Action item:
Only one stretch of the data should be retyped: the lines from the line containing "Spoon with Easy" through the line containing "Dipping a mummy hot dog in ketchup". Keep pictures out of it.

The records:
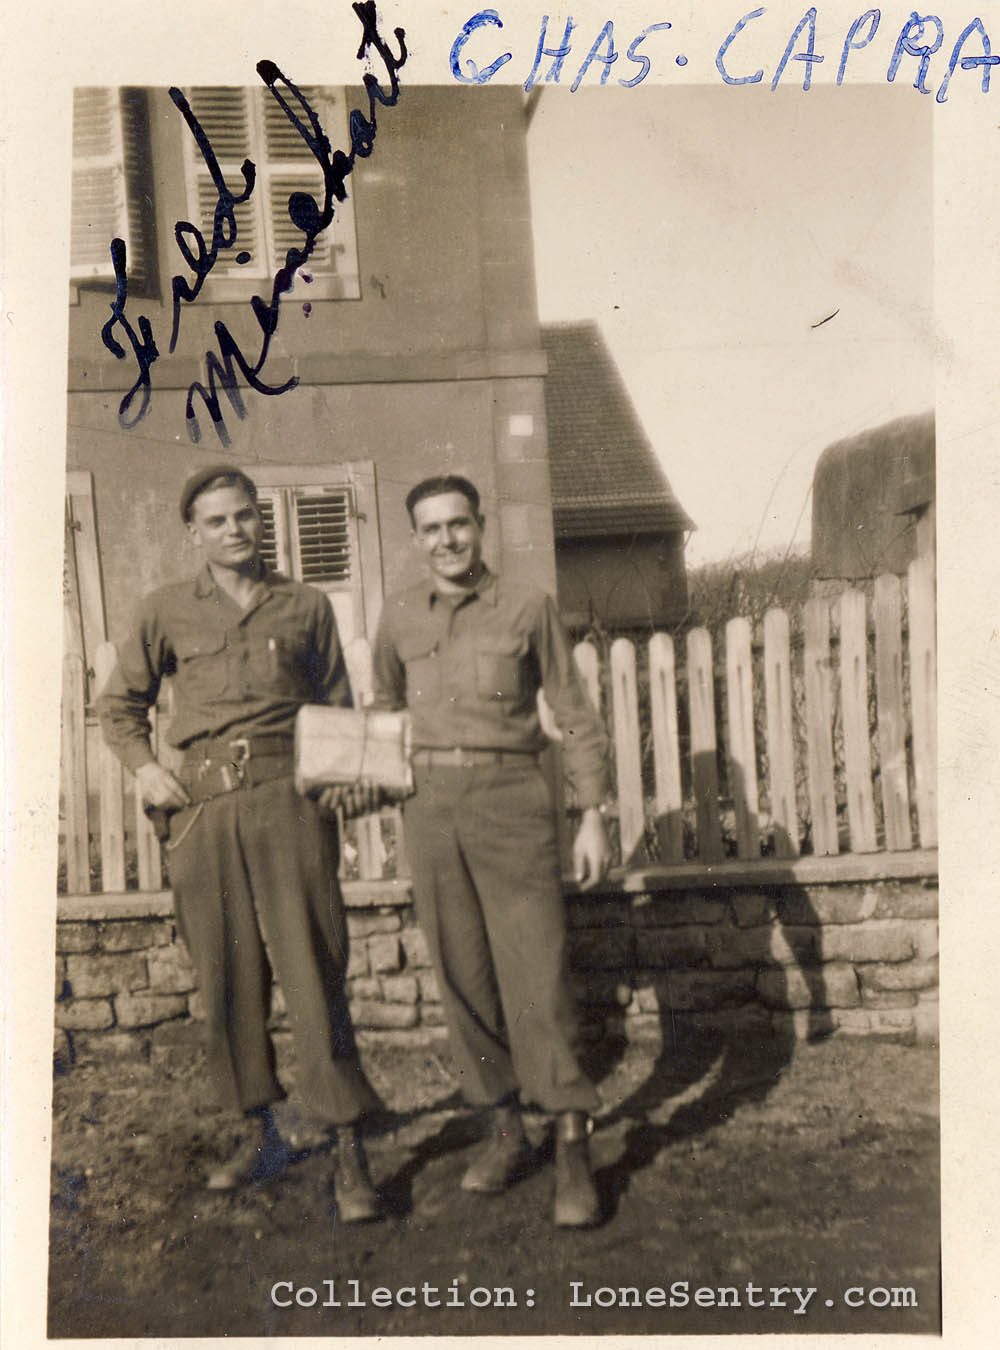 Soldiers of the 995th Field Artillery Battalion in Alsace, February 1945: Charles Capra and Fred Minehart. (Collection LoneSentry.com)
...
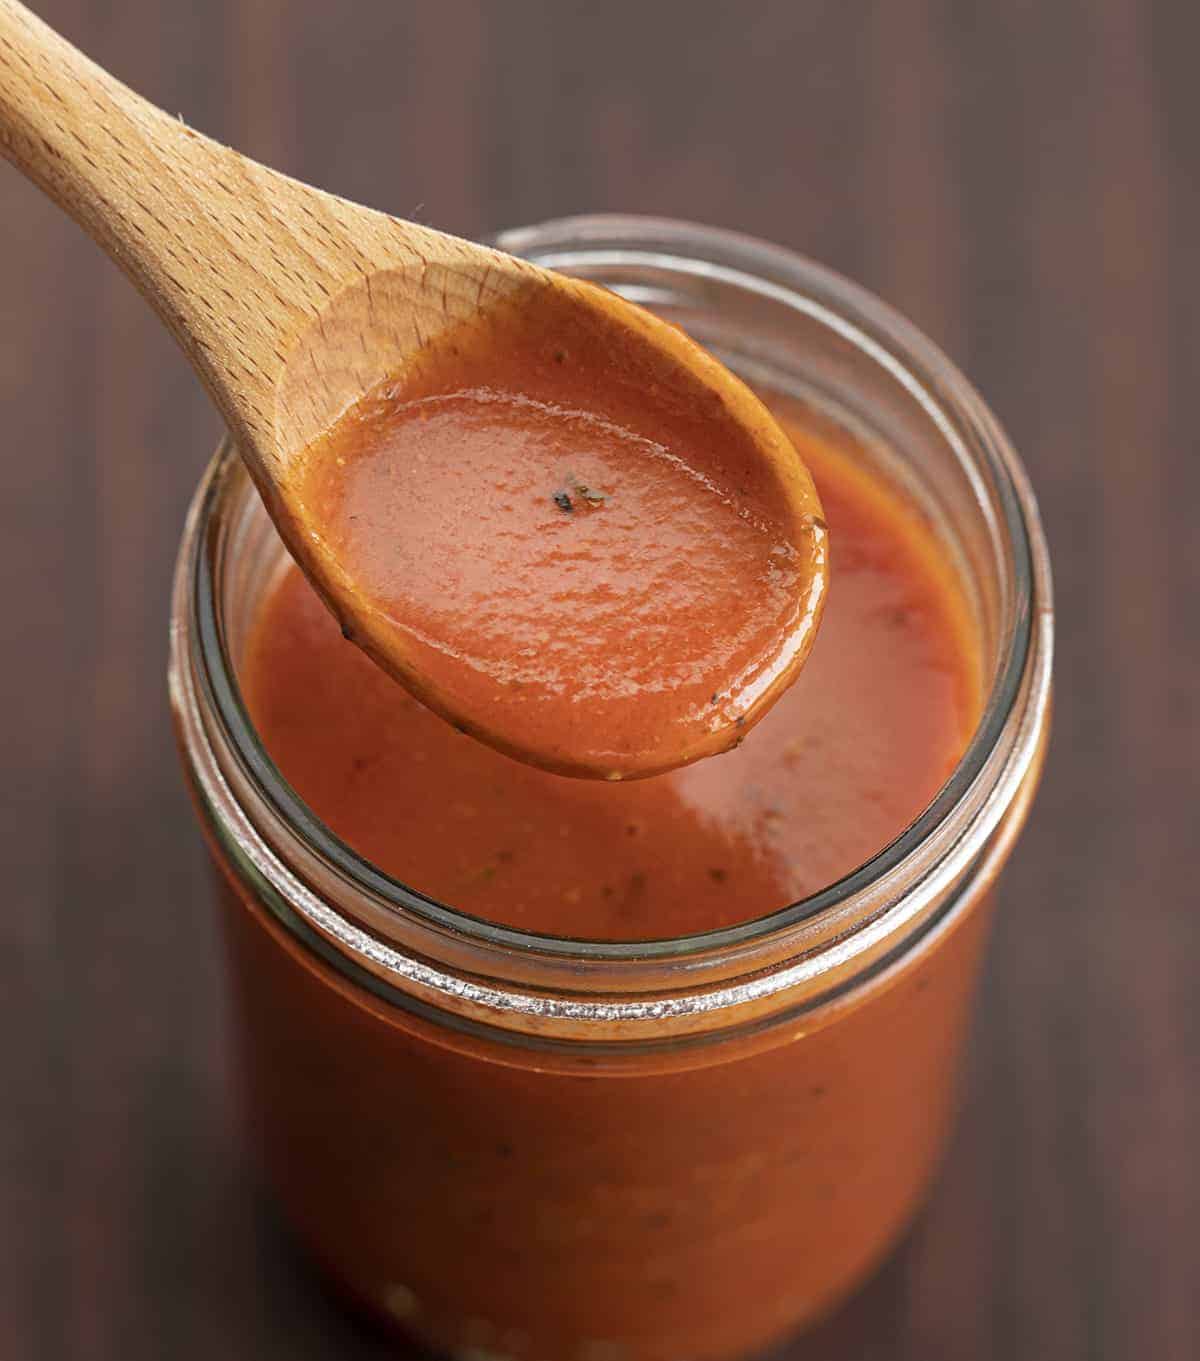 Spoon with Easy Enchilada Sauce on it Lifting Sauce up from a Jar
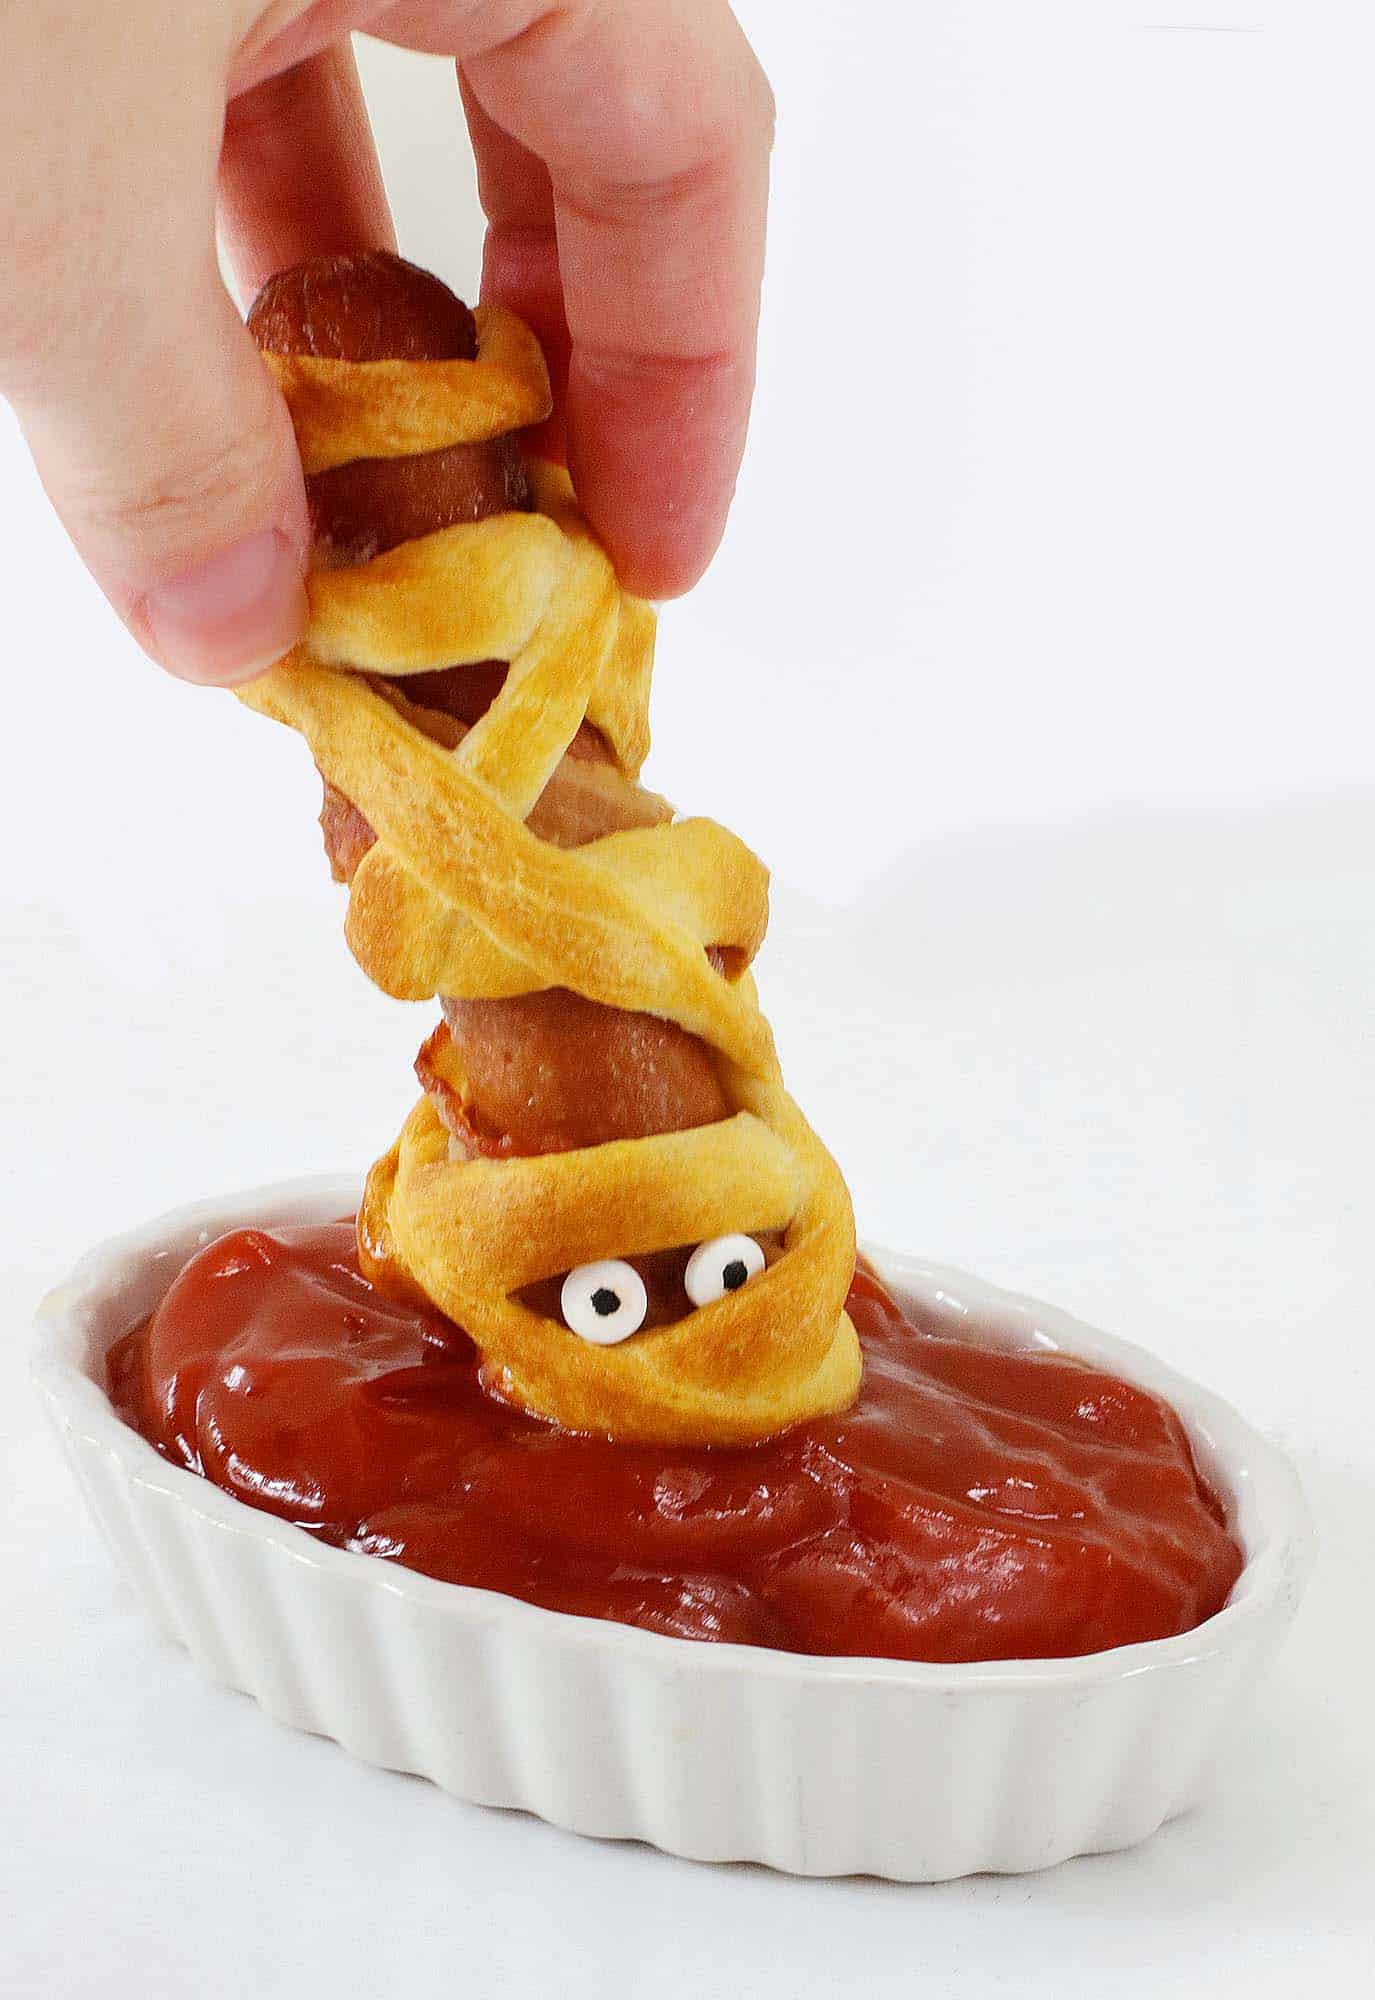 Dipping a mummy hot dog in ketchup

Task output:
 Spoon with Easy Enchilada Sauce on it Lifting Sauce up from a Jar
 Dipping a mummy hot dog in ketchup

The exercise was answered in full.